O Globo
Numa eleição em que, cinco meses antes do
pleito, dois candidatos já concentram cerca de 70% das intenções de voto, é
tarefa cada vez mais hercúlea aos demais postulantes se manter no páreo, ainda
mais num cenário de escassez de dinheiro para bancar campanhas.
São muitas as causas para que essa
consolidação de Lula e Jair Bolsonaro nas primeiras colocações na preferência
do eleitor tenha ocorrido, da inexplicável inapetência dos demais partidos pela
Presidência da República a uma espécie de profecia autorrealizável que levou o
eleitorado a antecipar para o primeiro turno, pela segunda eleição consecutiva,
uma escolha que ele só precisaria fazer no segundo.

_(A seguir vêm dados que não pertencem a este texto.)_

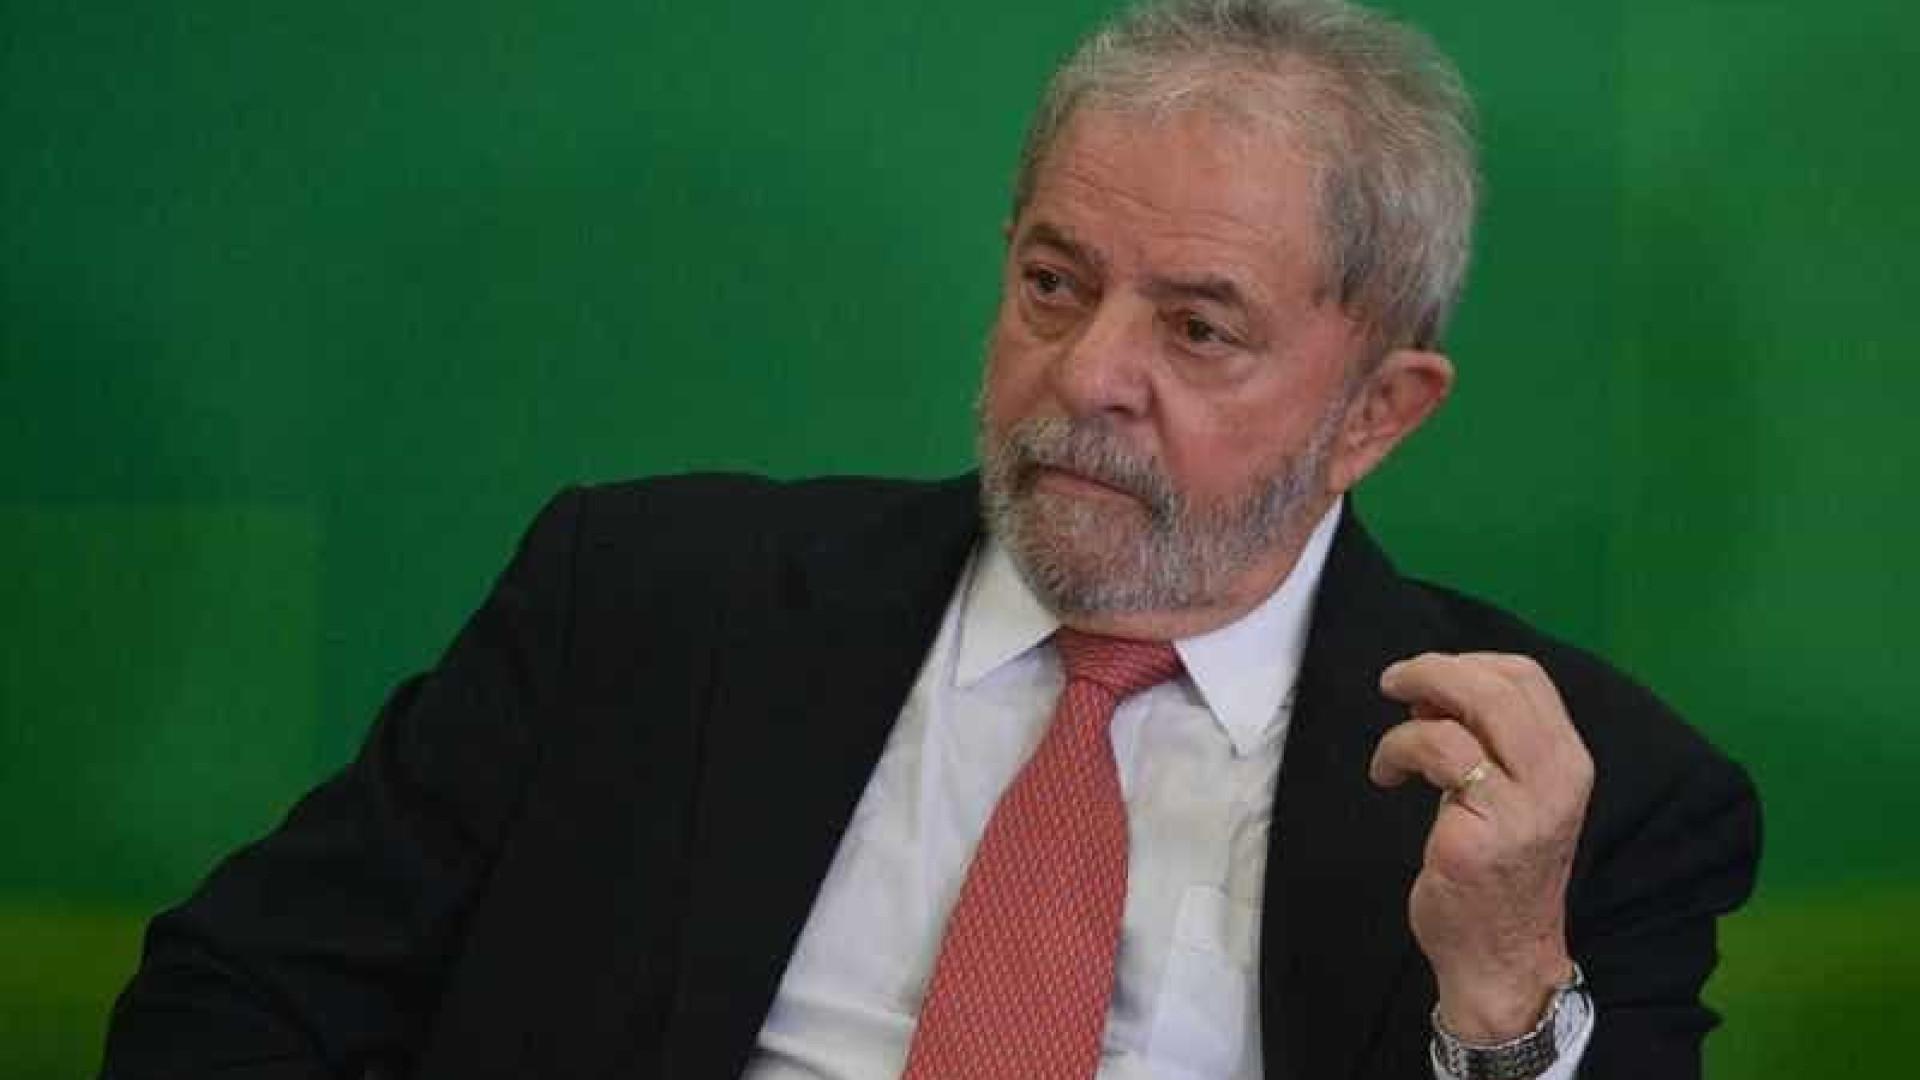 Tribunal suspende prazos e altera expediente durante julgamento de Lula

Diante desse cenário que permanece imutável
nas pesquisas semana a semana — na verdade se acentua, dado o crescimento
lento, mas ainda assim assustador, de Bolsonaro —, a situação dos demais
postulantes vai se assemelhando a um salve-se quem puder. Como num reality show político, os
pré-candidatos foram sendo “eliminados” por não reunirem condições mínimas de
brigar no primeiro pelotão.
Restam, agora, Ciro Gomes (PDT), João Doria
(PSDB) e Simone Tebet (MDB), lutando para levar seus projetos até o fim, e
André Janones (Avante) e Luciano Bivar (União Brasil), que devem figurar na
cédula, mas cujos partidos nunca chegaram a ter aspiração real de disputar com
chance.
PSDB e MDB parecem não saber o que fazer com a data que eles mesmos fixaram para o “resta um” entre seus pré-candidatos. Eduardo Leite caiu fora, Sergio Moro foi limado, Bivar se retirou da brincadeira, agora ficaram Tebet e Doria à espera de algum critério que defina quem será cabeça de chapa e quem será vice (se é que um deles topará esse prêmio de consolação).
É como uma dança das cadeiras desanimada, numa
festa de criança a que a maioria dos convidados não compareceu. Nem os próprios
partidos se animam de verdade com essa “concertação”. Por eles, deixariam esse
negócio de Planalto de lado e cuidariam de tentar fazer bancadas e angariar
fundo partidário, como seus colegas de outras legendas estão fazendo. É mais
por insistência dos pré-candidatos que se mantém a tentativa de acordo, mas
essa insistência também parte da expectativa de cada um deles de que será o
escolhido, nunca o contrário.
O momento vivido por Ciro não é mais
confortável. Veterano em disputas, ele viu seu projeto de, finalmente, ser o
nome mais competitivo da esquerda ser abatido quando Lula ficou liberado para
disputar. Se, a esta altura da cristalização dos votos, já é difícil para Doria
ou Tebet desbancar Bolsonaro na etapa final, fica quase impossível a estratégia
de Ciro: credenciar-se para ir na “vaga” de Lula.
Nem João Santana conseguiu emplacar um
discurso para operar esse milagre, e, uma vez consolidada a chapa com Geraldo
Alckmin e a ampla frente que ele vem costurando, Lula passou agora a se dedicar
a atrair o PDT, se não oficialmente, ao menos na prática, tomando de seu
ex-ministro palanques relevantes.
Na retórica, as cúpulas partidárias
renovarão a intenção de combater uma polarização que só foi possível porque
faltaram ao autointitulado “centro democrático” foco, estratégia e, sobretudo,
coragem para combater Bolsonaro.
Na base do orçamento secreto e do “vamos
deixá-lo sangrar para chegar fraco à eleição”, permitiram que o capitão saísse
da lona e voltasse ao jogo competitivo eleitoralmente e liberado para investir
explicitamente contra o próprio processo eleitoral.
Agora restam poucas armas e poucos soldados
para estar à frente da resistência que será necessária a esse teste de estresse
da democracia. E pior: muitos fingindo-se de indignados, mas dispostos a deixar
o golpismo avançar sem lhe dar combate algum.